Dalle stanze di isolamento lungo la strada in Togo alle pelli di pecora ruvida in Burkina Faso, le generazioni più anziane di donne ricordano un periodo in cui avere il ciclo significava esilio. Ora, le loro figlie e nipoti raccontano come sta avvenendo il cambiamento.
Per milioni di donne e ragazze, attraverso le generazioni, in ogni continente, le mestruazioni hanno spesso significato molto più che gestire un ciclo mensile. Ha significato esilio – dalle loro case, dalla scuola, dagli amici, dal cibo e dalla vita quotidiana.
In ogni giorno, circa trecento milioni di donne e ragazze hanno il ciclo. Allo stesso tempo, una su quattro non ha accesso a prodotti per la salute mestruale o a bagni puliti riservati alle ragazze. Molte sono ancora escluse dalla scuola e da altre attività e opportunità sociali durante il ciclo.
Parlando con nonne, madri e figlie in tutto il mondo, una cosa è chiara: l’esilio mestruale ha assunto molte forme – dormire separate, isolamento lungo la strada, restrizioni alimentari, silenzio, vergogna e lezioni saltate. Eppure il cambiamento sta avvenendo.

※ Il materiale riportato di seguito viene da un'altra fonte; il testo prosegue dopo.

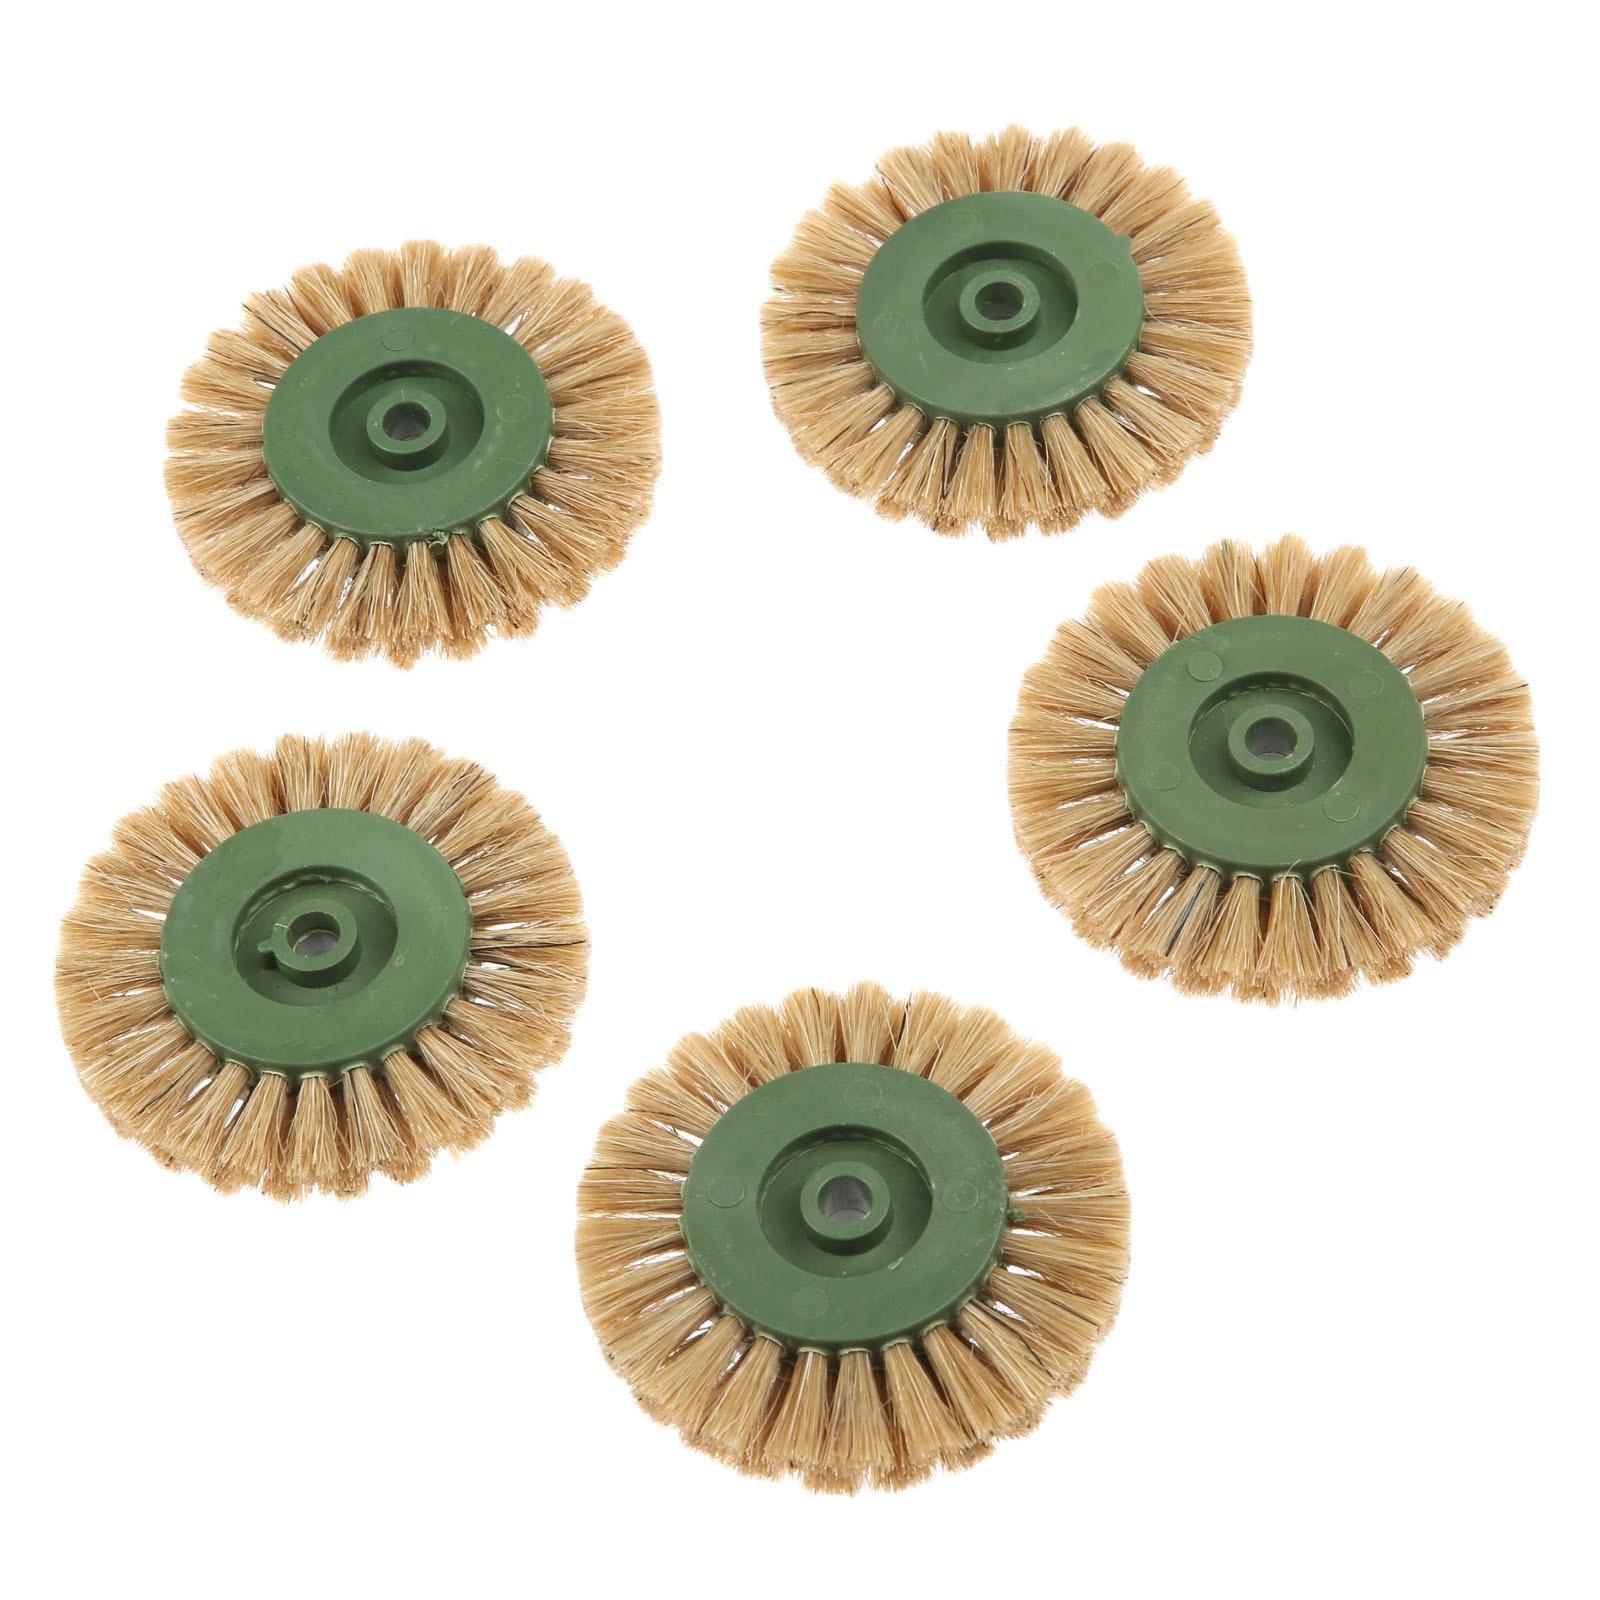 DRELD 5Pcs Dremel Accessories 60mm Grinding Brush Head Abrasive Wheel Yellow Buffing Polishing Wheels For Dremel Rotary Tool

Togo: “La famiglia ha dovuto trovare una stanza sul ciglio della strada.”

Nel centro del Togo, Inna, 72 anni (nella foto, a sinistra), ricorda cosa è successo quando una ragazza ha iniziato il ciclo.
Il primo giorno del nostro ciclo dovevamo nasconderci e chiamare nostra madre o una delle nostre sorelle per aiutarci di nascosto. Era vietato entrare in casa.
La famiglia doveva trovare una stanza sul ciglio della strada dove la ragazza con le mestruazioni doveva passare e aspettare tutto il ciclo. Poi, la famiglia doveva avvertire tutto il villaggio. Così, per quattro giorni, dal mattino alla sera, il villaggio poteva portare il cibo alla ragazza per buona volontà.
Sebbene la comunità la visitasse, la ragazza doveva rimanere fisicamente separata dalla sua casa.
Uomini e ragazzi, anche se fossero stati suoi fratelli, non dovevano vedere i vestiti per le mestruazioni
dice Inna.
Era proibito, e li abbiamo nascosti con cura. Davvero, è stato un grande peso.
Oggi, sua nipote Denise, sedicenne (nella foto, a destra), partecipa a un progetto sulla salute mestruale e vede le cose in modo diverso.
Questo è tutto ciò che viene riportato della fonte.